18. Juni 2013

Browser-Add-On Ghostery verkauft Nutzerdaten weiter

Wenn etwas nichts kostet, dann bist du nicht Kunde, sondern selbst das Produkt.

Das lässt sich auch für das frei verfügbare Browserzusatzprogramm "Ghostery" sagen. Es erkennt, wenn ein versteckter Dienst private Daten des Nutzers an Websiten übermittelt werden. Das ist häufig bei Werbebannern der Fall. Mit der Software lassen sich solche Skripte auch blockieren. Wenn die entsprechende Funktion aktiviert ist, werden die Daten dazu an die Entwicklerfirma Evidon geschickt. Das Magazin "Technology Review" berichtet, diese Informationen gingen schnurstracks weiter an Werbevermarkter.

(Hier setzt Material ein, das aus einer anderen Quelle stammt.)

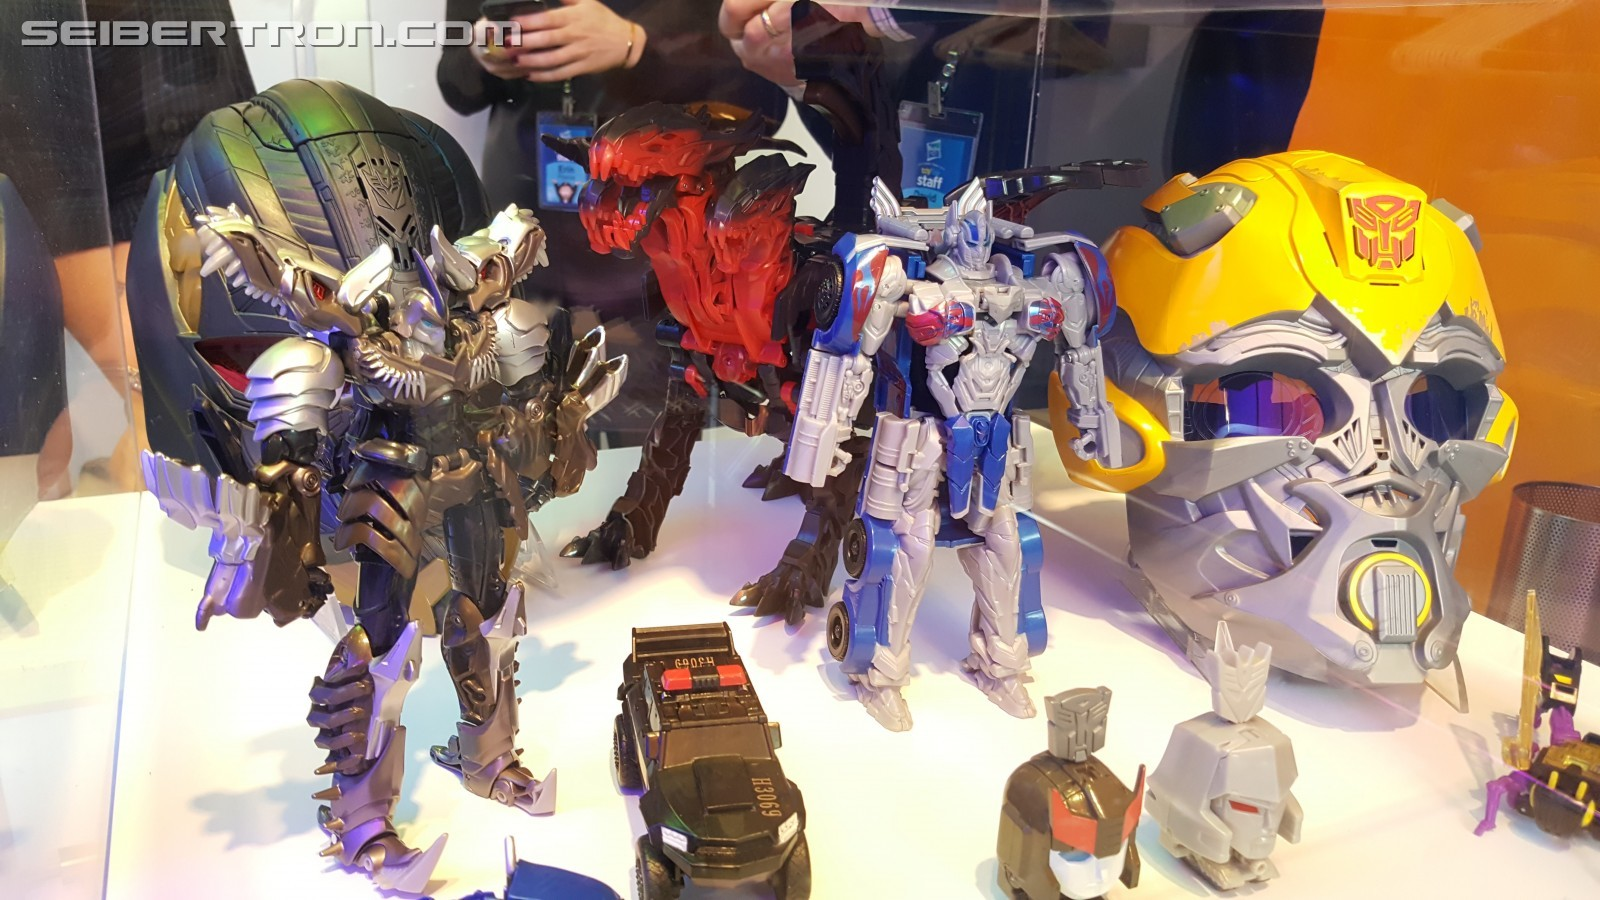 Transformers News: Toy Fair 2017 - Sneak Peek at Megatron Voice Changer Helmet and Dragon Toy

Die könnten dann mit den gekauften Daten von acht Millionen Ghostery-Nutzern ermitteln, welche Codes auf einer Website aktiv sind. Das wüssten Website-Betreiber oft nicht, weil die Codes von externen Werbebannern kämen. Laut dem Magazin erkennt Evidon keinen Interessenskonflikt, sondern einen Gewinn an Transparenz und Kontrolle. Elf Millionen Nutzer haben bei Ghostery angeklickt, dass sie ihre Daten nicht mit dem Unternehmen teilen wollen.

Quelle: DRadio Wissen Lizenz: Creative Commons Licence: Namensnennung, keine kommerzielle Nutzung, keine Bearbeitung (BY-NC-CD)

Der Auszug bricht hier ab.